The trip was not a humanitarian mission. The three senators initially travelled to South Korea for meetings on Friday and Saturday with foreign ministry and defence officials to discuss the US-South Korean military alliance. The stop in Taiwan was a carefully orchestrated part of this same trip, designed to deepen Washington’s military cooperation with allies in the region, which include plans to station US missiles within striking distance of major Chinese cities.
The three senators met with President Tsai Ing-wen and Foreign Minister Joseph Wu, who used the visit to once again attack Beijing and blame it for Taiwan’s inability to procure enough vaccines for its population. Taipei has accused Beijing of interfering in a deal between the island and Germany’s BioNTech for vaccines, a charge that the Chinese government denies.
The decision to use a military plane for the trip has not gone unnoticed in Beijing. As Washington and Taipei have no formal diplomatic relations, cooperation between the US and Taiwanese militaries and governments is a challenge to the “One China” policy, which states that Taiwan is a Chinese territory.
The attempts to undermine this diplomatic norm began under Donald Trump and are being accelerated by the Biden administration, which even invited a Taiwanese diplomat to Biden’s inauguration in January.
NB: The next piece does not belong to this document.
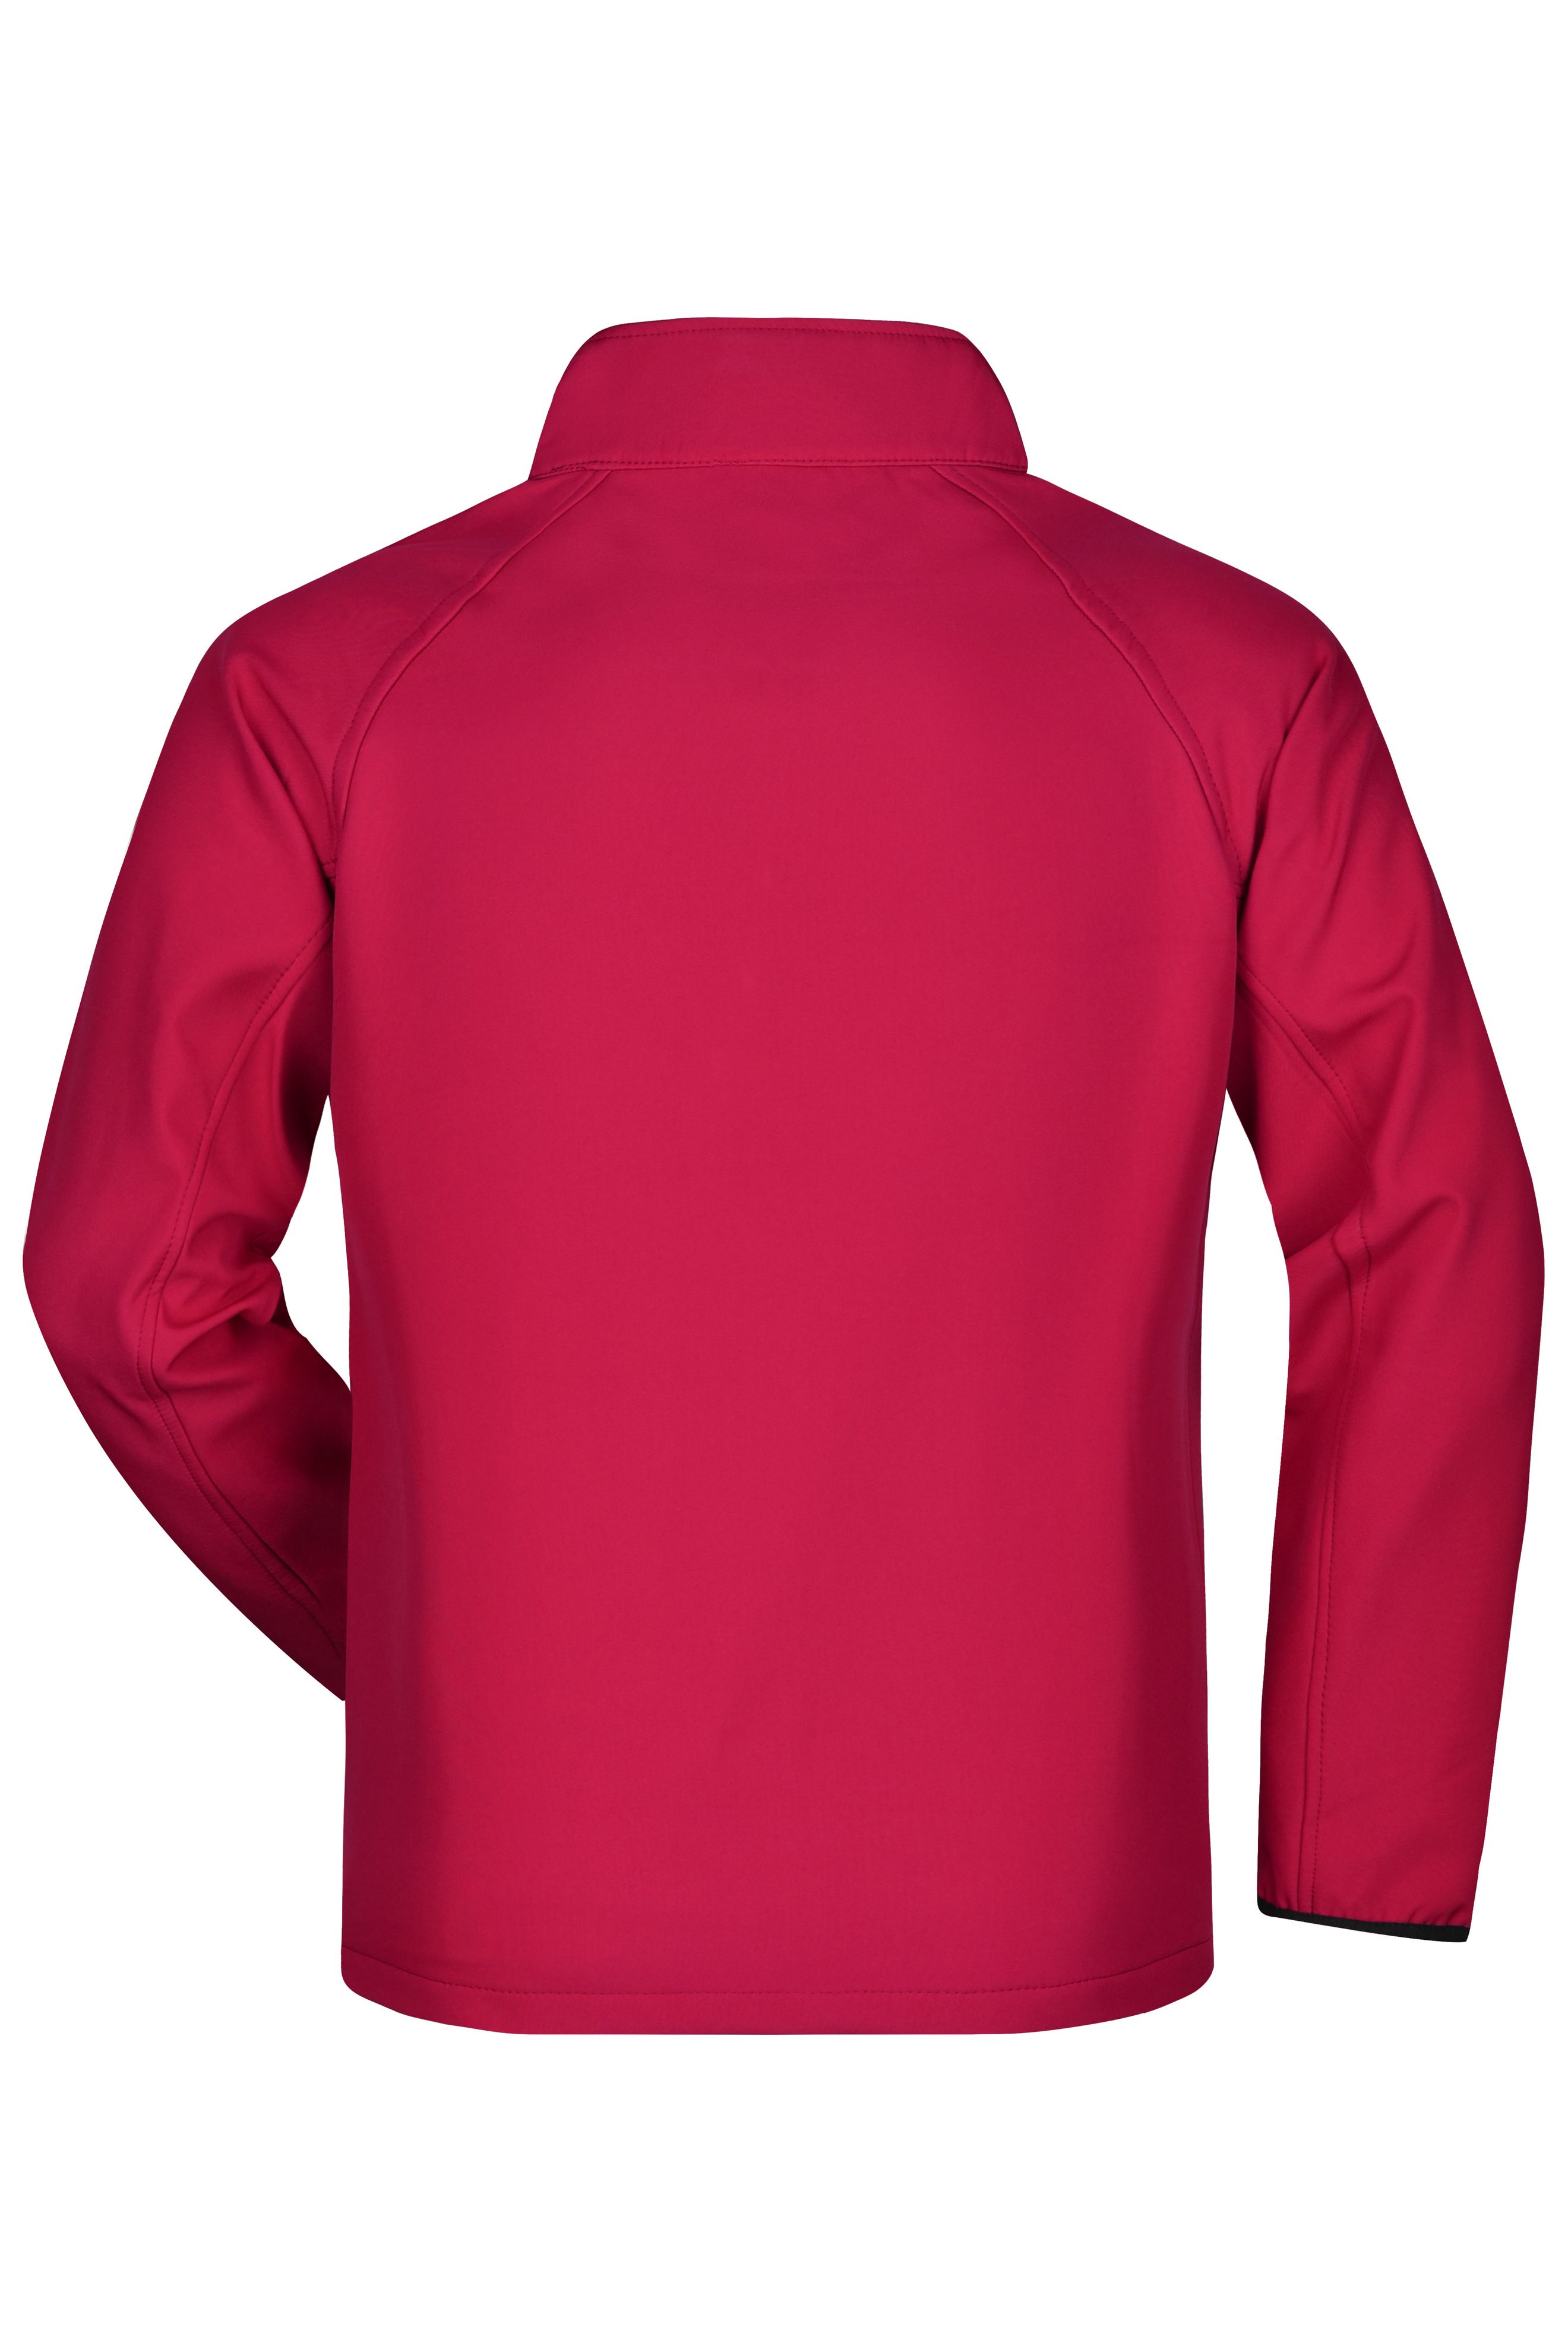 Men Men's Promo Softshell Jacket Red/black-Daiber

Following World War II, Taiwan, a Japanese colony from 1895–1945, was returned to China, which was then ruled by Chiang Kai-shek’s Kuomintang (KMT). After being defeated in the Chinese Revolution of 1949, the KMT subsequently fled to Taiwan, where they were protected by the United States and allowed to posture as the legitimate government of all of China, even occupying one of the five permanent seats in the United Nations Security Council.
Beginning in 1971 under President Richard Nixon, the US engaged in negotiations with Beijing as part of a tactical manoeuvre aimed at undermining the Soviet Union. This led to Washington’s recognition of Beijing as the legitimate government of all of China and the cutting off formal relations with Taiwan in 1979. The switch to Beijing also allowed Washington to exploit the Chinese mainland as a source of cheap labour power as Beijing accelerated the process of restoring capitalism in the 1980s.
However, with China’s development into the world’s second largest economy and an economic competitor to the US, Washington is attempting to use its own economic and military might to pressure Beijing and force it to accept US hegemony in the region.
While countries like the US have hoarded vaccines this year, China has offered doses to countries in the region, leading to charges of “vaccine diplomacy” from Washington and Tokyo. Beijing has offered its own vaccine to Taipei, which rejected it.
The actions of US imperialism are clearly risking the outbreak of a major war with China that would ultimately engulf the entire globe. Biden is stepping up US efforts, begun under Obama and intensified under Trump, to undermine Beijing to offset its own relative economic decline.
The Biden White House is also seeking to deflect internal class tensions outward, particularly over the ruling elite’s catastrophic handling of the COVID-19 pandemic, with every response driven by the profit concerns of big business, at the expense of nearly 600,000 lives, even by the official statistics.